Collaborative Filtering: Amazon uses a machine learning technique called collaborative filtering (commonly referred to as recommendation), to determine which products users will like based on their history and similarity to other users.

Overview of ML Algorithms

In general, machine learning may be broken down into two classes of algorithms: supervised and unsupervised.

Supervised algorithms use labeled data in which both the input and output are provided to the algorithm. Unsupervised algorithms do not have the outputs in advance. These algorithms are left to make sense of the data without labels.

Classification & Regression

Both Classification and regression fall into supervised form of machine learning where we have a history of data from which we find patterns and predict the new data by matching with previous patterns. Decision trees are very common and easily understood tools in supervised form for classification and regression.

Classification tree

Classification trees, as the name implies are used to separate the dataset into classes belonging to the response variable. Usually the response variable has two classes: Yes or No (1 or 0). For example to figure out if an email is spam or not, if .

Regression Trees

They are needed when the response variable is numeric. For example, the predicted price of a consumer good. Thus regression trees are applicable for prediction type of problems as opposed to classification.

In either case, the predictors or independent variables may be categorical or numeric. It is the target variable that determines the type of decision tree needed.

K-Means

K-means, the unsupervised section of machine learning is one of the most commonly used clustering algorithms that group data points into a predefined number of clusters. The implementation in spark.mllib has the following parameters:

k is the number of desired clusters.
maxIterations is the maximum number of iterations to run.
initializationMode specifies either random initialization or initialization via k-means||.
runs is the number of times to run the k-means algorithm (k-means is not guaranteed to find a globally optimal solution, and when run multiple times on a given dataset, the algorithm returns the best clustering result).
initializationSteps determines the number of steps in the k-means|| algorithm.
epsilon determines the distance threshold within which we consider k-means to have converged.
initialModel is an optional set of cluster centers used for initialization.
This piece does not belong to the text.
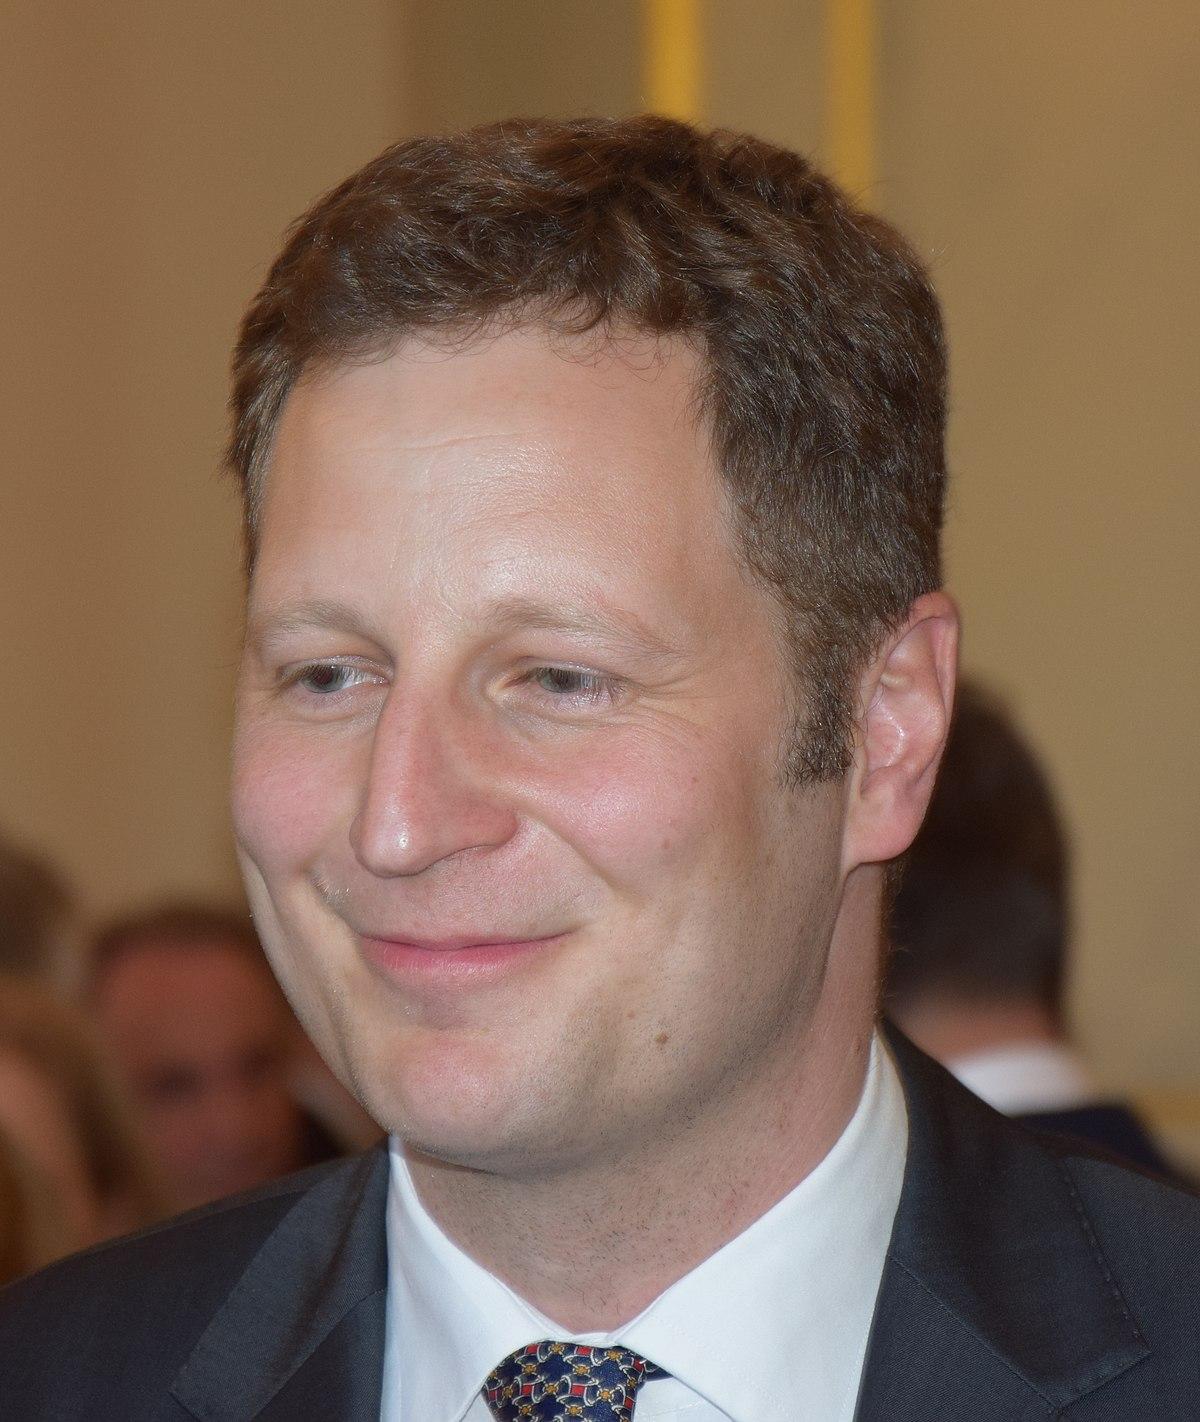 Friedrich Georg

If this parameter is supplied, only one run is performed.

Collaborative Filtering ALS

Commonly used for recommender systems. In the big data world, recommendation system is increasingly becoming popular. The reasons is that while other big data products such as the data used to benchmark and those used for predictions require a decision maker, the data used for recommendation and filter systems is an automated one and does not need an analyst. Collaborative filtering recommends products based on statistics driven purchase patterns of similarly profiled customers built around supervised or unsupervised techniques. Collaborative filtering built around neighborhood methods and latent factor models are designed to investigate the affinity between consumers’ profiles and product inter-dependencies to diagnose new user-item associations.

Soon I will upload a video with hands-on examples on each of the techniques discussed.

References

https://www.mapr.com/blog/apache-spark-machine-learning-tutorial - - Apache Spark Machine Learning Tutorial | MAPR
https://spark.apache.org/docs/1.6.2/mllib-guide.html - MLlib Spark 1.6.2 Documentation
http://www.simafore.com/blog/bid/62482/2-main-differences-between-classification-and-regression-trees - 2 main differences between classification and regression trees
http://www.cxotoday.com/story/why-recommendation-system-is-big-datas-shining-star/ - Why Recommendation system is big data’s shining star?

Sachin Mehra 9y

Good read. Keep sharing!!!

1 Reaction

To view or add a comment, sign in

Predictive Analysis: Wonders of Machine Learning With Apache Spark MLLIB

Debajani Mohanty

Three Categories of Techniques for Machine Learning

Overview of ML Algorithms

Classification & Regression

Classification tree

Regression Trees

K-Means

Collaborative Filtering ALS

References

More articles by Debajani Mohanty

Others also viewed

Machine Learning in Data Science: From Fundamentals to Production-Ready Insights

5 Myths of Machine Learning

The Foundation of Successful Machine Learning in Data Science and Analytics

Machine Learning: The Truth is Out There

Logistic Regression with Six Jars of ML

Navigating Model Drift: Ensuring Longevity in Machine Learning

Data Science vs. Machine Learning vs. AI: What’s the Difference?

What is Tabular Data?

Harnessing Big Data and Machine Learning for Technical Chart Analysis

Deep learning, regression,....and SQL

Machine Learning Models For Healthcare Predictive Analytics

Supervised Learning Techniques

Predictive Analytics in Email Marketing

Best Practices For Evaluating Predictive Analytics Models

How to Use Predictive Analytics in Medicine

Machine Learning Models for Breast Cancer Risk Assessment

ML in high-resolution weather forecasting

How LLMs Generate Data-Rich Predictions

Explore content categories

Three Categories of Techniques for Machine Learning

Overview of ML Algorithms

Classification & Regression

Classification tree

Regression Trees

K-Means

Collaborative Filtering ALS

References

More articles by Debajani Mohanty

“Kumpany Budhi Maa” the Original Entrepreneuress Of Pre-Independent India

Orphan to Billionaire: The Mysterious Story of Bitcoin & Satoshi Nakamoto

Are Crypto-Currencies not Vulnerable to Inflation?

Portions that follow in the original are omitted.